Discussion in 'malware problems & news' started by ohblu, Aug 7, 2009.

Thread Status:
Not open for further replies.
  1. ohblu

    ohblu Registered Member

    Joined:
    Jul 26, 2008
    Posts:
    79
    Location:
    Colorado
    My grandmother called me today saying her computer is broken (again). Apparently she downloaded some sort of registry cleaning/fixing software that came with Spyware Cease (or vice versa). She was in the middle of scanning her computer with these programs, they had found some problems, she minimized the window and then I guess her computer locked up. She says she rebooted it about six times. I'm not sure if it's her whole computer that isn't working correctly or just AOL (she's very confusing). I know she said she couldn't get AOL to work. She also said these products were recommended by AOL (whatever that means). For all I know, she could've seen an advertisement on AOL's website.

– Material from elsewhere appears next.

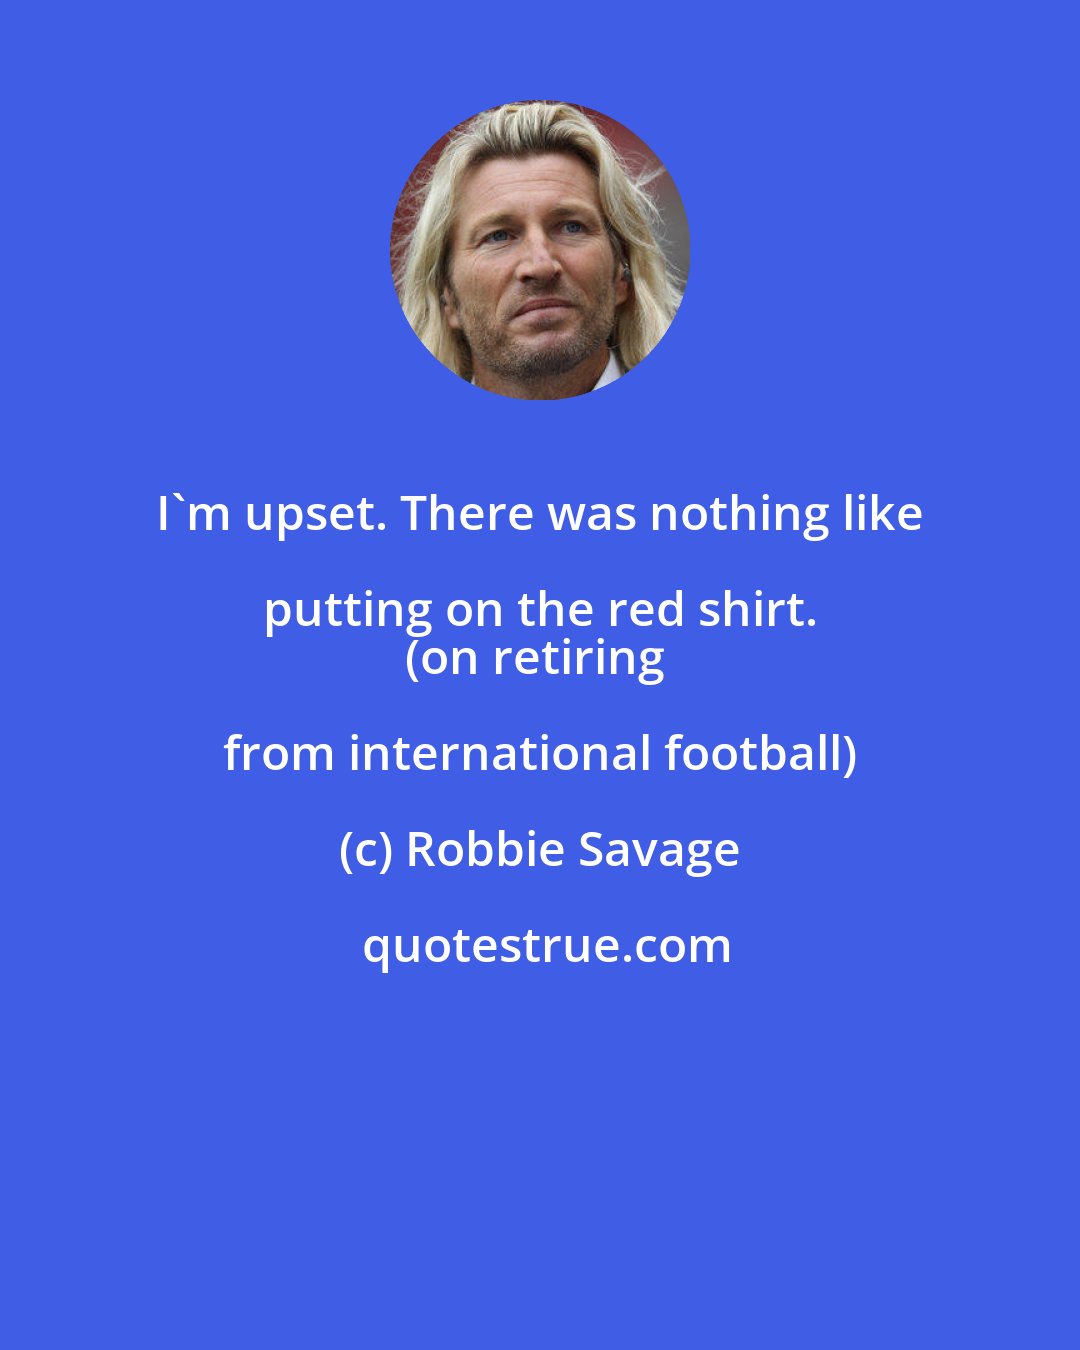 Robbie Savage: I'm upset. There was nothing like putting on the red shirt. 
(on retiring from international football)

    Does anyone know anything about Spyware Cease and a registry program that might come with it? I've tried searching about this product but it looks like some people think it's legitimate and others think it's not. So I don't know what to think. It might help my grandmother's computer problem if I knew a little more about these programs.
     
  2. Franklin

    Franklin Registered Member

    Joined:
    May 12, 2005
    Posts:
    2,517
    Location:
    West Aussie
  3. the Tester

    the Tester Registered Member

    Joined:
    Jul 28, 2002
    Posts:
    2,854
    Location:
    The Gateway to the Blue Hills,WI.
    Edited.
    *** I see Franklin found it listed as a rogue before I posted.
     
  4. prairie dog

    prairie dog Registered Member

    Joined:
    Jun 9, 2009
    Posts:
    129
    Have a look at this spybot S&D thread. I would get it off her system
     
  5. ohblu

    ohblu Registered Member

    Joined:
    Jul 26, 2008
    Posts:
    79
    Location:
    Colorado
    Thanks. I'll get that off as soon as I can. I have a couple more questions though.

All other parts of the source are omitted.